В это же время папа мой, лихой лейтенантик, был на фронте, на передовой. Командовал танковым батальоном. Наши грозные, гремящие траками Т-34, наступая на врага и поводя длинными дулами пушек, послушно ему подчинялись, как живые домашние звери. Мы же с мамой были тогда за Уралом, в эвакуации под Курганом. Таких эвако-беженцев расселилось по избам колхозников много. Их было полно. И мы два года жили в землянке у леса. Словно в сыром окопе. Однако в окопе своём, отдельном. Мы даже кошку пригрели. Мама, пианистка и агроном, долго не находила работы. От голода нас спасал лишь огород. Картошка, солёные огурцы и капуста в бочках. В общем, как всегда, спасала наша родная земля. Земелюшка-матушка.
Чёрно-белых фото тех лет очень мало. Бережно их храню.

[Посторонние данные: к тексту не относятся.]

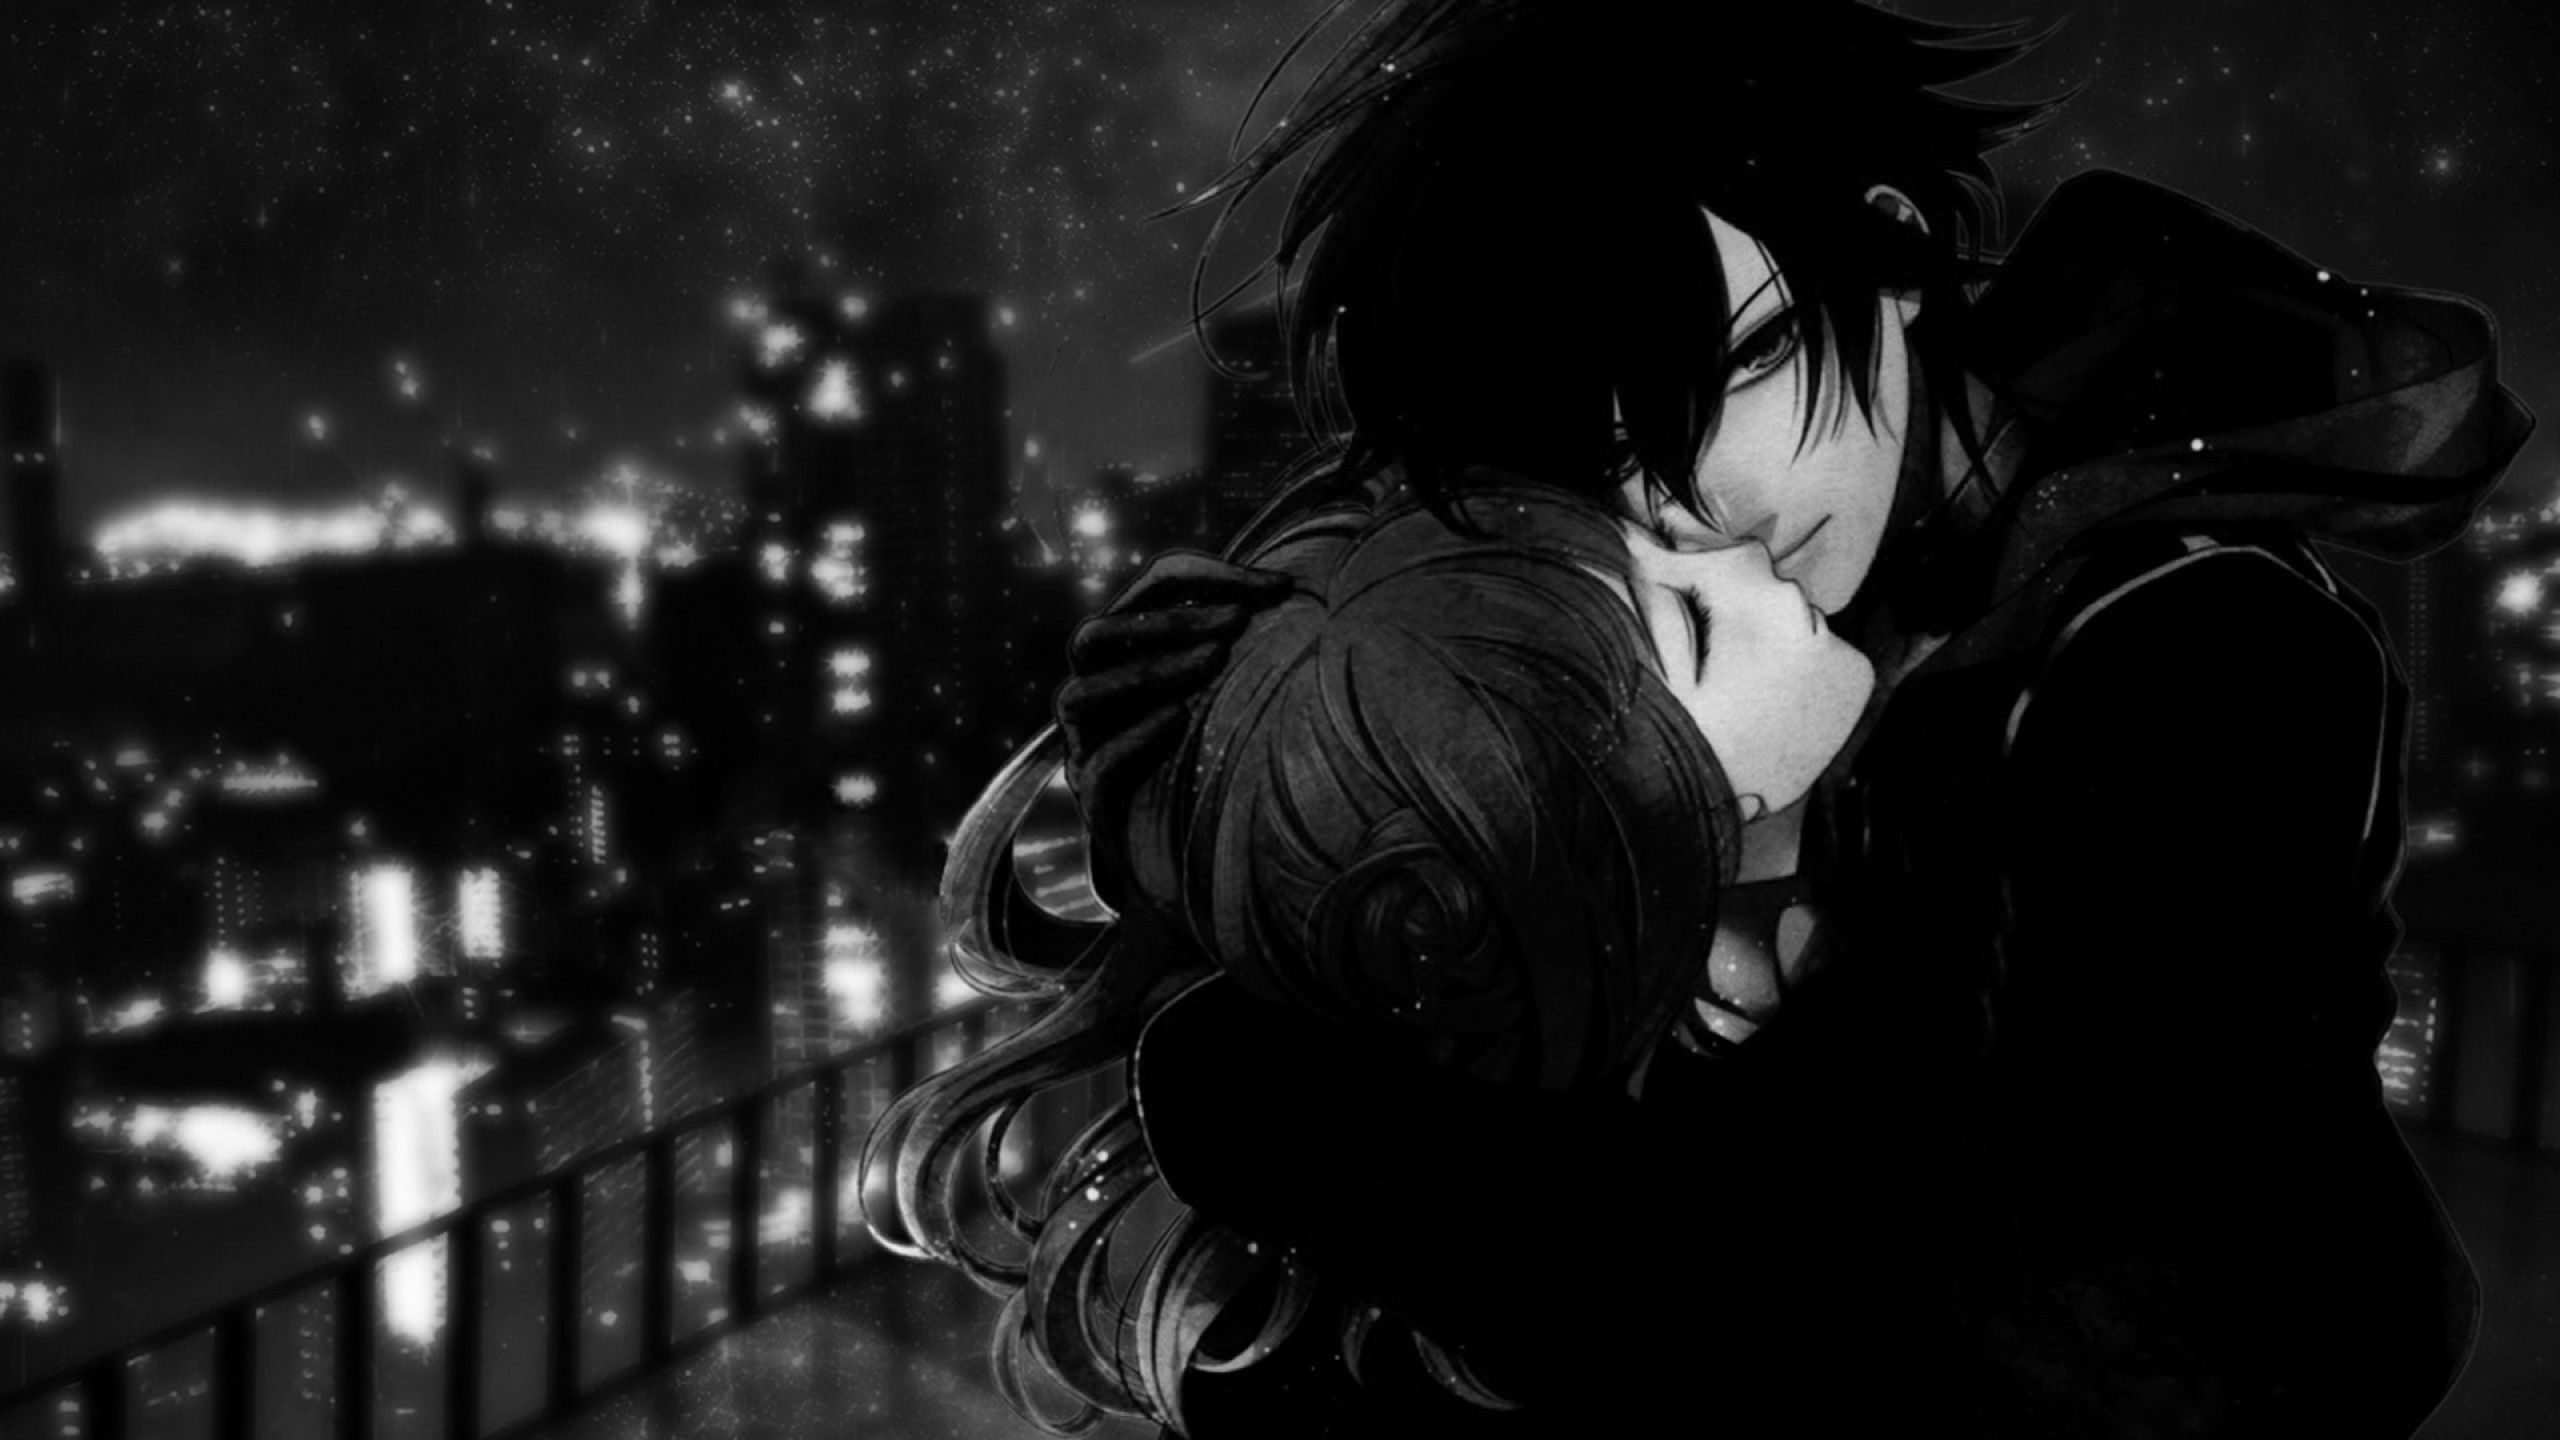 Love Dark Anime Wallpapers Top Free Love Dark Anime Backgrounds Wallpaperaccess

А вот таков был мой отец Ракша Евгений Игоревич. Агроном (как и мама, выпускник ТСХА, факультет механизации) и одержимый изобретатель сельхозмашин. А ещё танкист-победитель, гвардеец с редким орденом Александра Невского на груди. Защитник Отечества и лично меня от неминуемой смерти под сапогом фашизма. И я гордилась и буду всю жизнь гордиться тем, что после войны (в которой мы смяли этот сапог) я носила в школу вместо портфеля полевую сумку отца из дерматина. С длинной лямкой через плечо. Внутри эта сумка долго пахла (как и мои тетрадки) горьким машинным маслом, дымом стреляных гильз от снарядов, фронтовыми дорогами. Вместе с ней я получила и аттестат зрелости. Истинной моей зрелости.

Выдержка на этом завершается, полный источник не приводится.